Sukses

Lendir Dan Darah Dari vagina

09 Sep 2015, 21:33 WIB
Wanita, 20 tahun.

dok, 2bulan lalu sy hnya mngeluarkan bercak darah, bulan lalu sy mens sperti biasa, dan bulan ini sy blum halangan tetapi sminggu ini stiap sy BAK selalu disertai lendir dan darah yg sngat sdikit. sy sm skli tdk merasa gtal ataupun sakit, kira" kenapa ya dok?

dr. Suci Dwi Putri

Dijawab Oleh:

dr. Suci Dwi Putri

Terima kasih telah menggunakan layanan e-konsultasi Klikdokter.

Kami memahami kekhawatiran yang Anda rasakan. Keluarnya cairan dari vagina disebut dengan keputihan.

Keputihan atau dalam bahasa medis disebut fluor albus, adalah cairan (bukan darah) yang keluar dari vagina. Keputihan dapat timbul dari berbagai keadaan, yaitu secara fisiologis/normal dan secara patologis. Yang dimaksud dengan keputihan fisiologis adalah keputihan yang normal terjadi akibat perubahan hormonal, seperti di sekitar masa menstruasi, stres, kehamilan, dan pemakaian kontrasepsi. Sedangkan keputihan patologis adalah keputihan yang timbul akibat kondisi medis tertentu dengan penyebab tersering adalah akibat infeksi parasit/jamur/bakteri.

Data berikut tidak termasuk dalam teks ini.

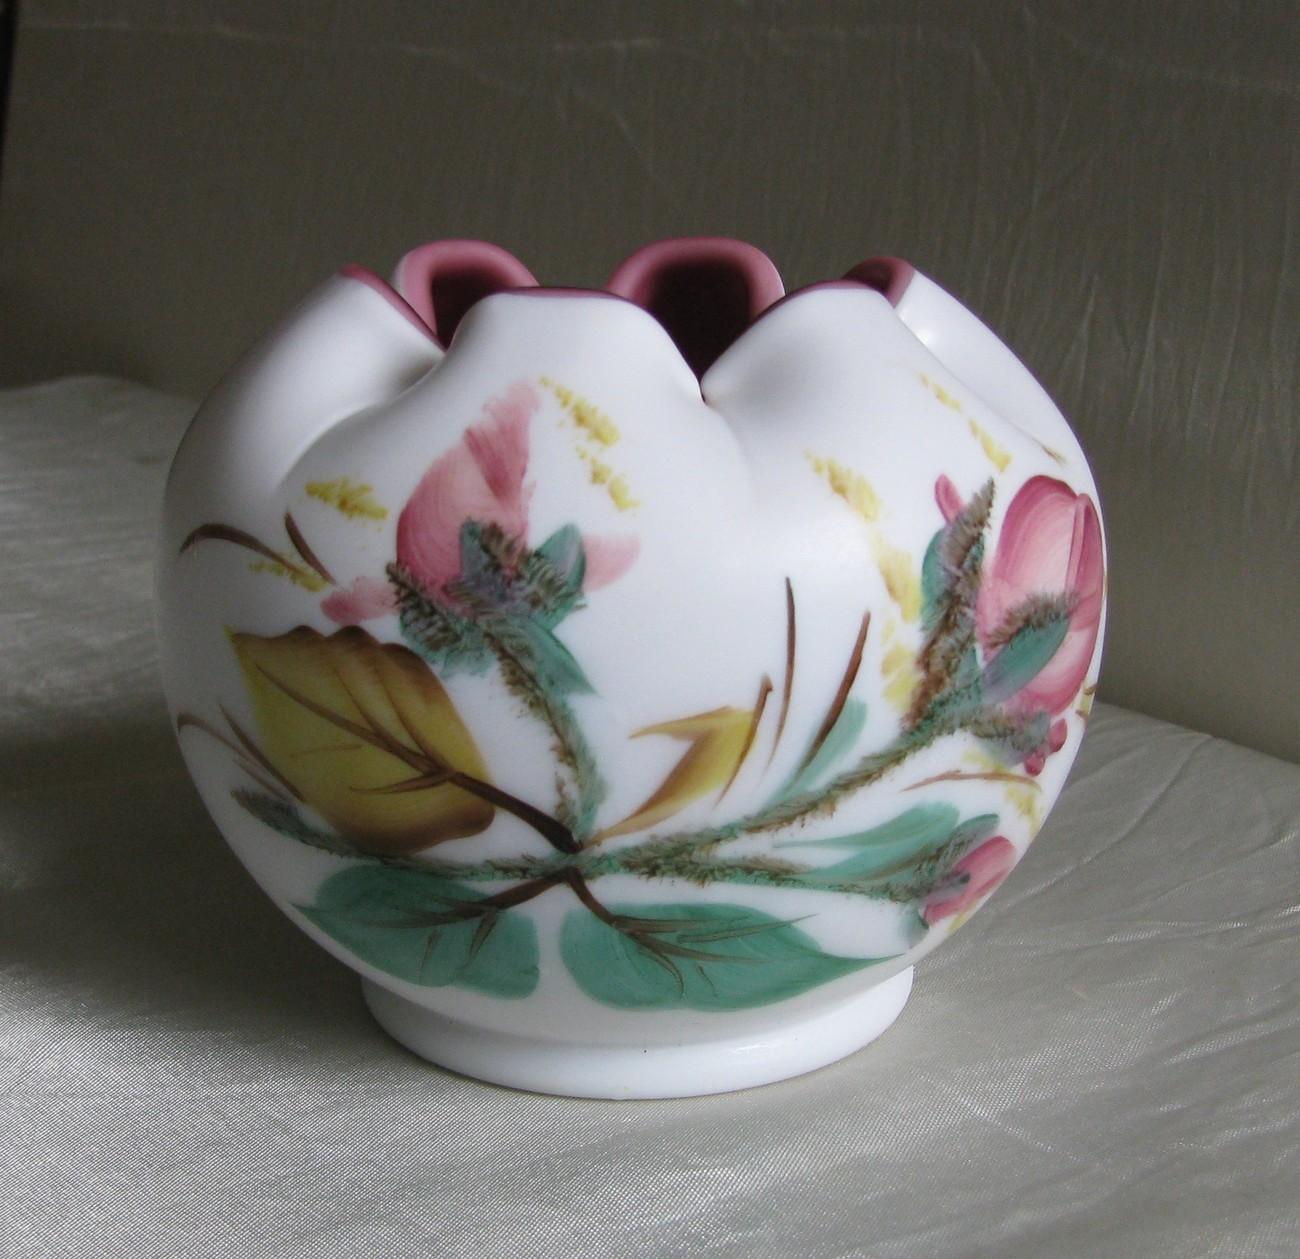 Lgw mroses rose bowl1

Dengan demikian jelas, bahwa keluarnya cairan dari vagina merupakan hal yang wajar ditemukan setelah menstruasi. Selama cairan vagina tersebut tampak bening (tidak berwarna), tidak berbau, tidak banyak, dan tidak menimbulkan keluhan seperti rasa gatal atau terbakar pada kemaluan, maka Anda tidak perlu merasa khawatir. Namun Anda mengatakan bahwa keputihan yang Anda alami saat ini berwarna kuning kecoklatan hingga bercampur darah. Seperti yang telah disinggung sebelumnya, bahwa darah bukan termasuk dalam definisi keputihan sehingga perlu diyakinkan kembali apakah darah tersebut timbul akibat iritasi/trauma/infeksi pada alat genitalia Anda ataukah merupakan perdarahan dari organ reproduksi yang lebih dalam (rahim). Untuk itu janganlah takut untuk berkonsultasi langsung dengan dokter spesialis kebidanan dan kandungan Anda karena terapi optimal baru dapat diberikan setelah diketahui penyebabnya.

Pernahkah Anda melakukan hubungan seksual sebelumnya? Apabila belum, maka tentunya dokter tidak akan memasukkan alat apapun ke dalam liang kemaluan Anda. Cukup dengan melihat alat genitalia luar Anda, mengambil cairan keputihan Anda untuk pemeriksaan kuman, dan melakukan pemeriksaan USG apabila diperlukan.

Apabila dari pemeriksaan cairan keputihan benar ditemukan adanya infeksi, maka dokter akan memberikan Anda terapi antibiotik yang disesuaikan dengan kuman penyebabnya, begitu pula dengan hasil pemeriksaan lainnya. Bagaimanapun, sebaik-baiknya terapi adalah disesuaikan dengan penyebabnya. Adapun beberapa hal yang perlu mendapat perhatian yaitu:

  • sering mengganti celana dalam apabila berkeringat atau lembab
  • hindari penggunaan celana ketat yang terbuat dari bahan yang tidak menyerap keringat
  • apabila ingin menggunakan panty liner pilihlah yang tidak mengandung pengharum dan tidak digunakan selama lebih dari 4-6 jam
  • hindari penggunaan produk pembersih kemaluan yang dapat menyebabkan perubahan keasaman dan keseimbangan bakteri dalam liang kemaluan Anda
  • bila hendak membilas setelah buang air kecil, lakukanlah dengan arah dari depan ke belakang menggunakan handuk.

Demikian, semoga informasi ini bermanfaat.